### WHAT YOU ARE ASKED TO DO
Could you repeat the listing exactly, leaving out the pictures?

--- RECORDED INFORMATION Enclosed Below ---

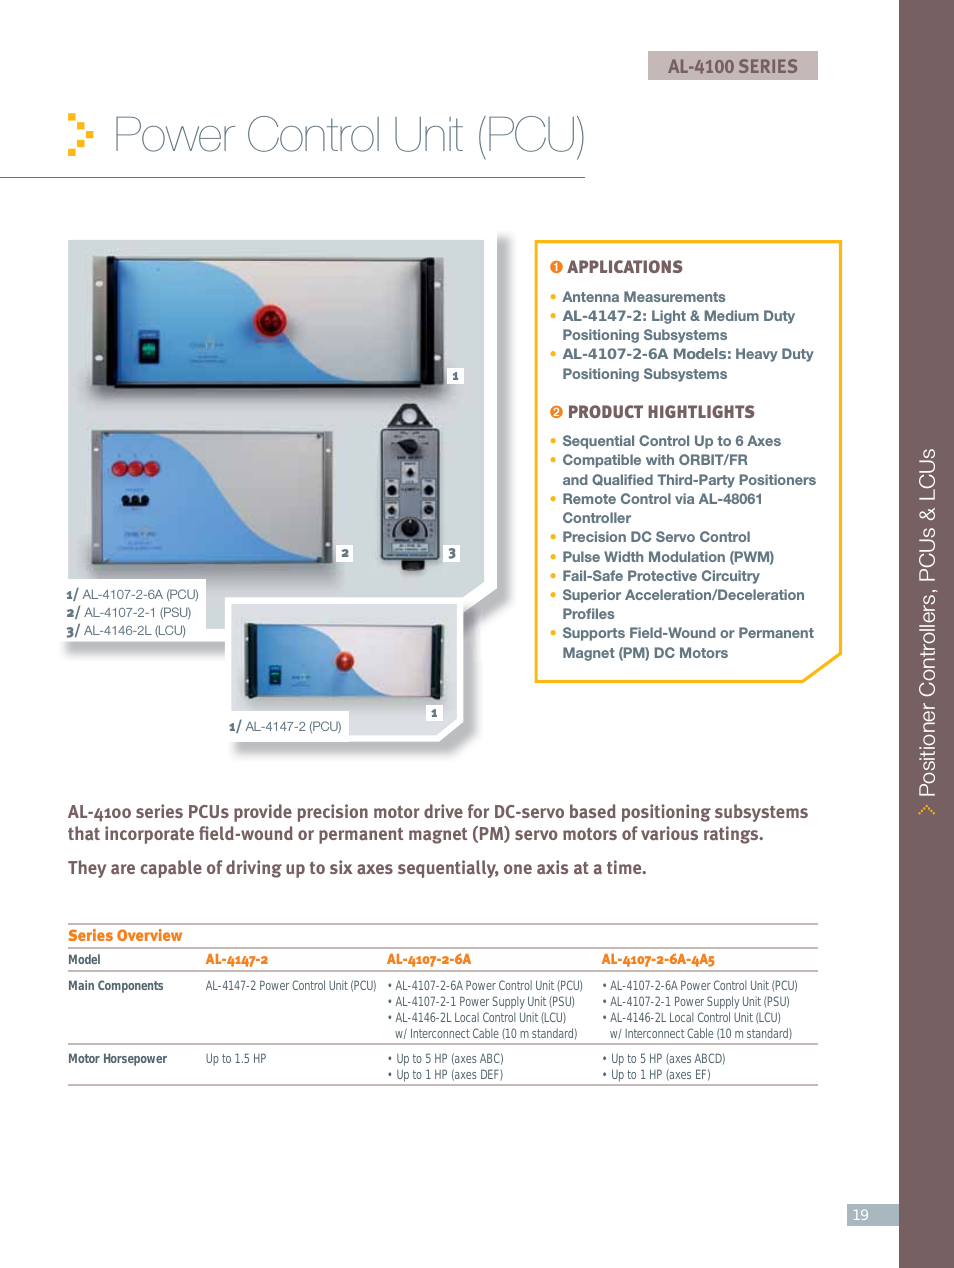 Power Control Units (PCUs): AL-4147-2
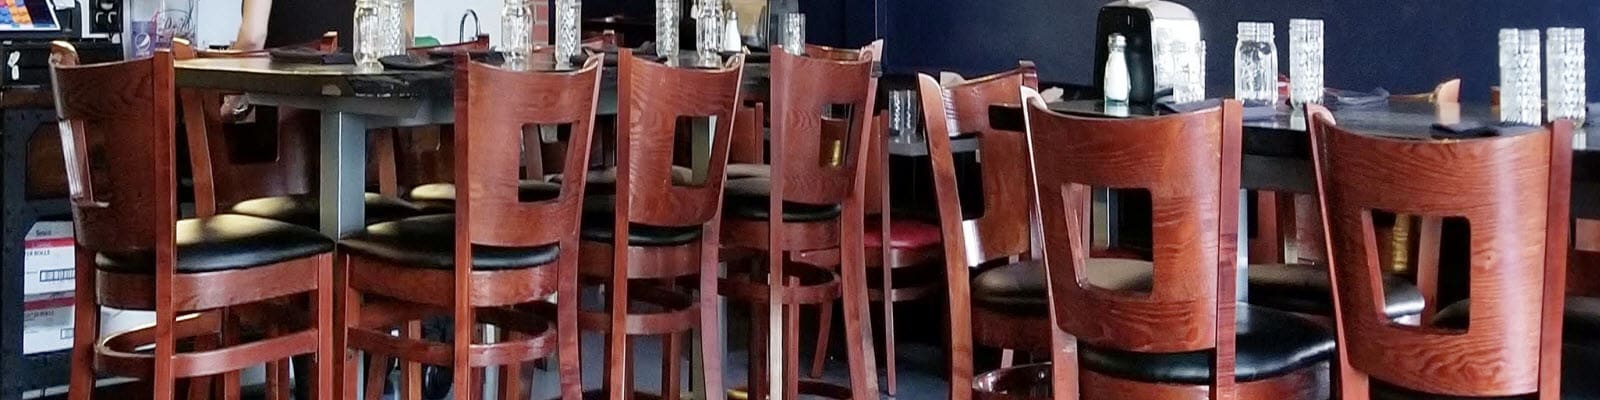 Wood restaurant chairs
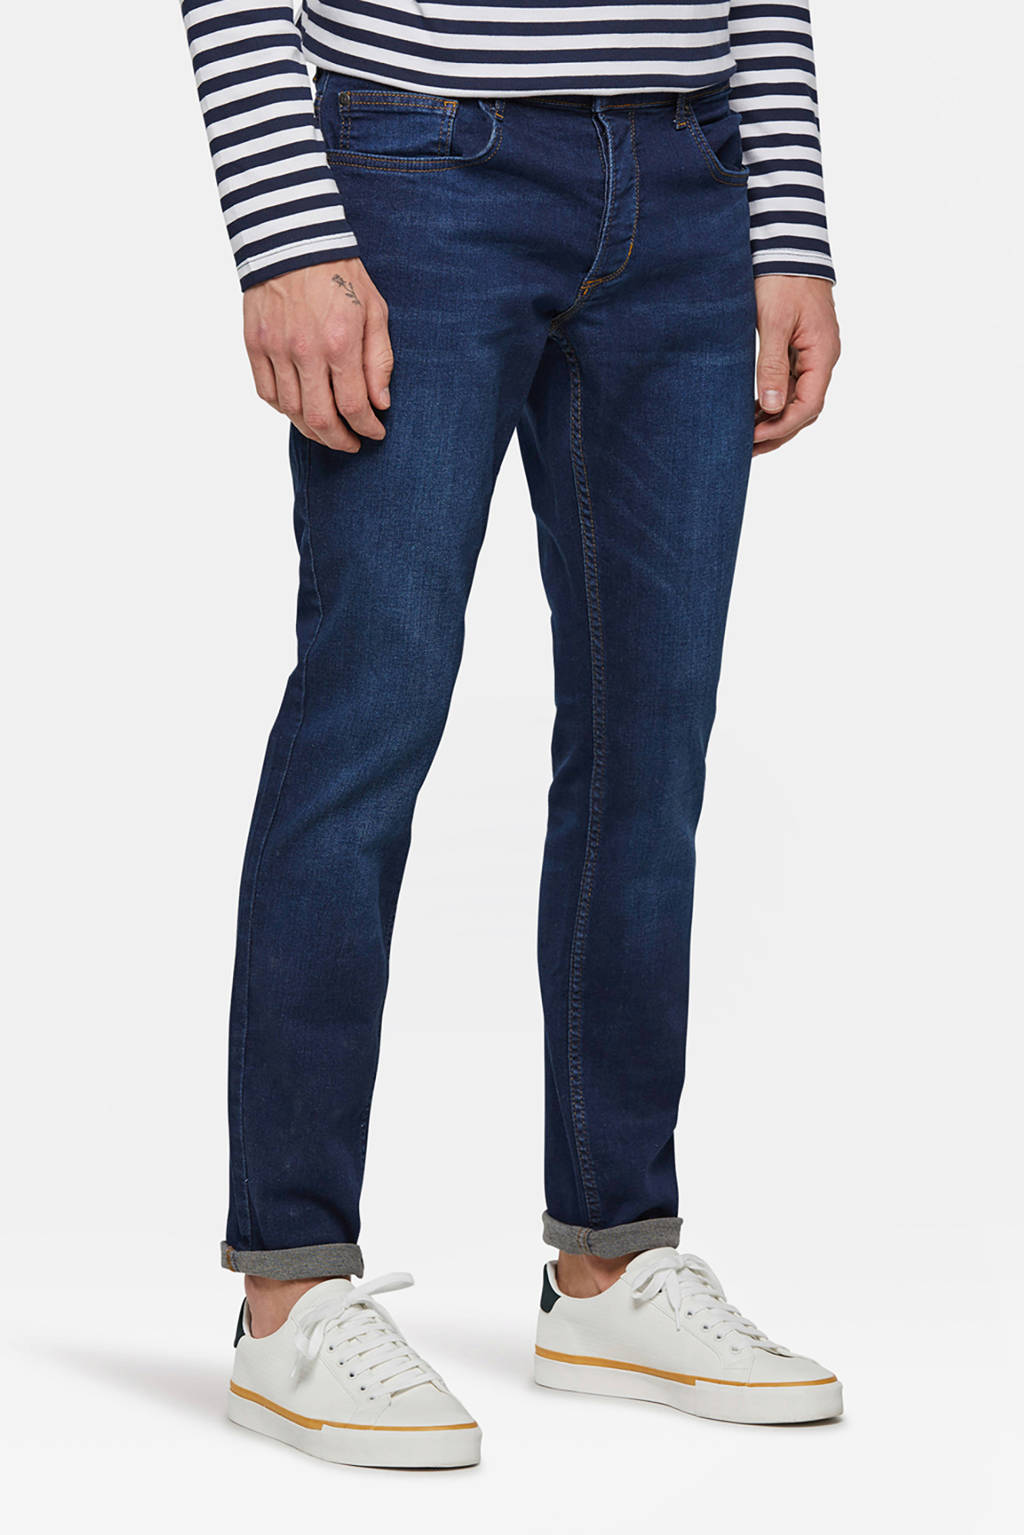 Sceptisch Voorbijgaand knuffel WE Fashion Blue Ridge slim fit tapered jeans Dex Sloane | wehkamp
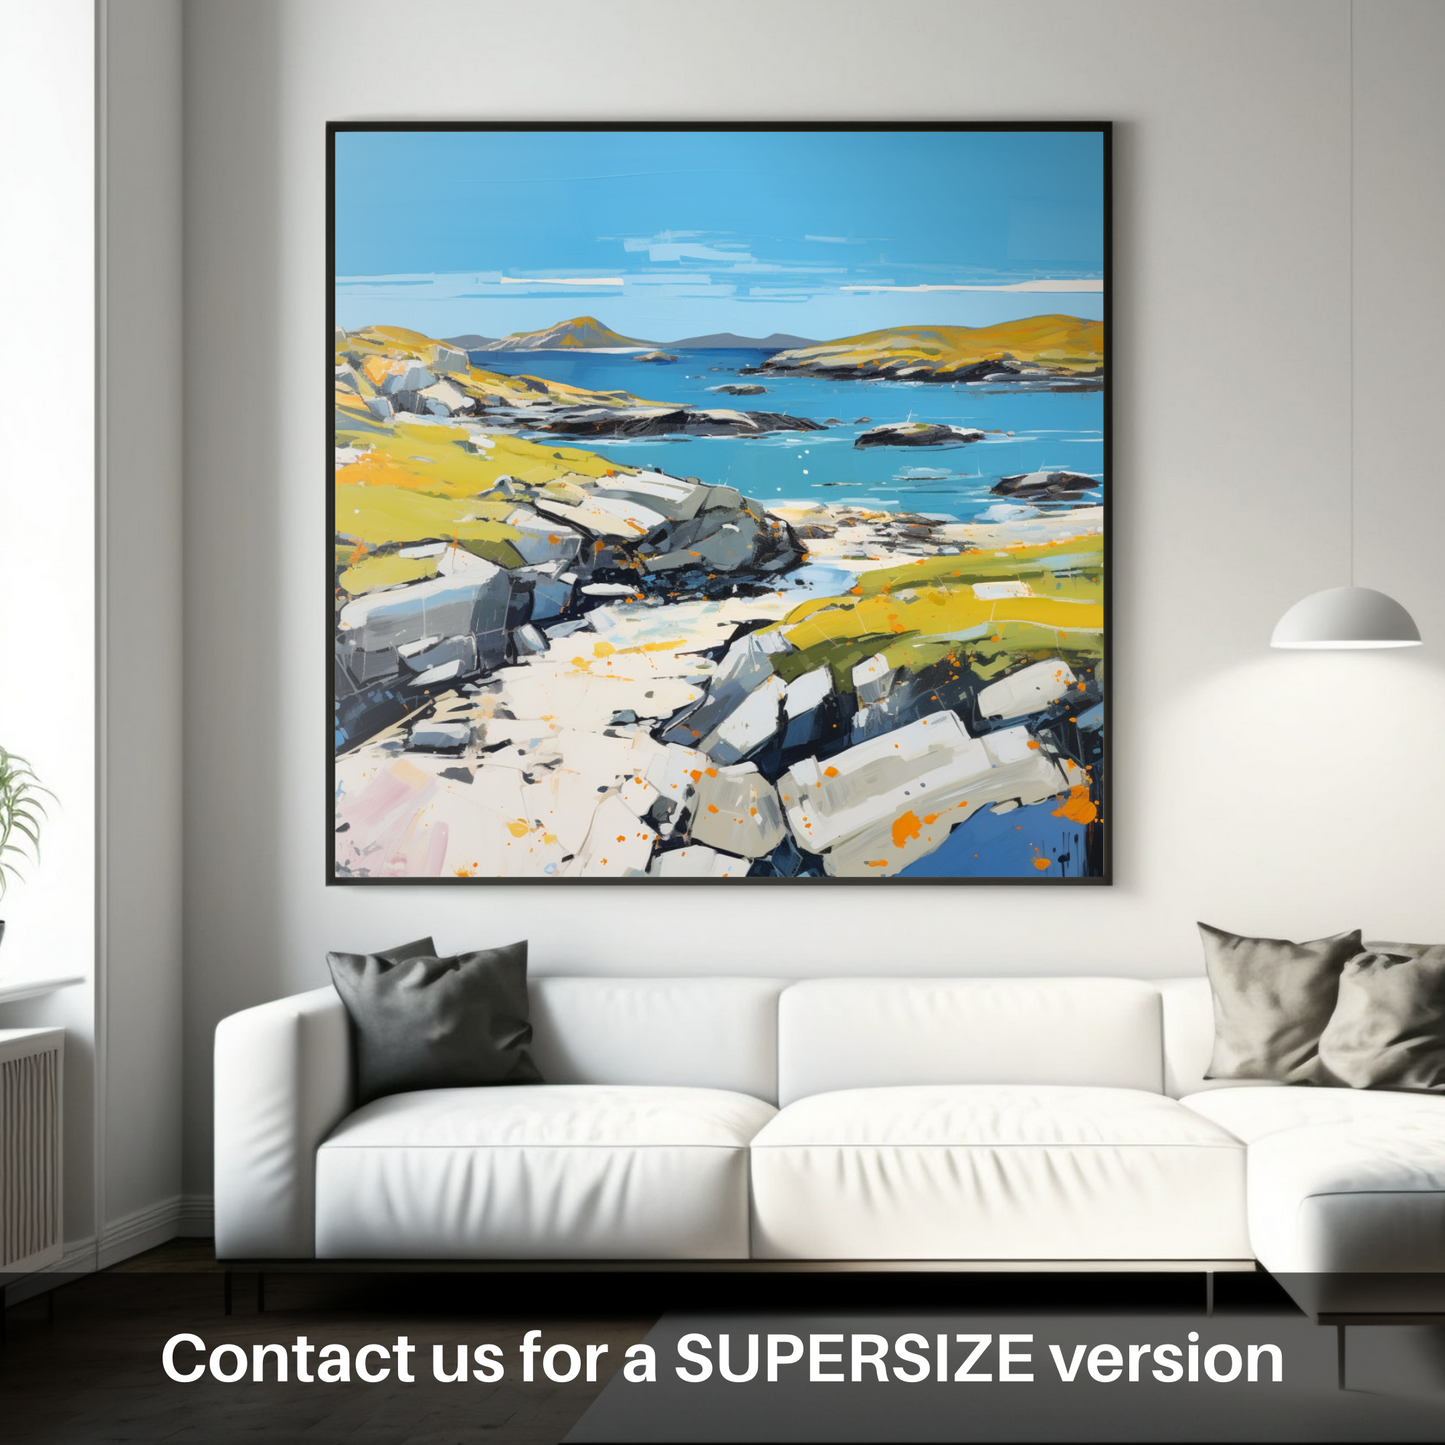 Huge supersize print of Isle of Harris, Outer Hebrides in summer

--- End of Enclosed RECORDED INFORMATION ---

### ANSWER SECTION
 Power Control Units (PCUs): AL-4147-2
 Wood restaurant chairs
 Sceptisch Voorbijgaand knuffel WE Fashion Blue Ridge slim fit tapered jeans Dex Sloane | wehkamp
 Huge supersize print of Isle of Harris, Outer Hebrides in summer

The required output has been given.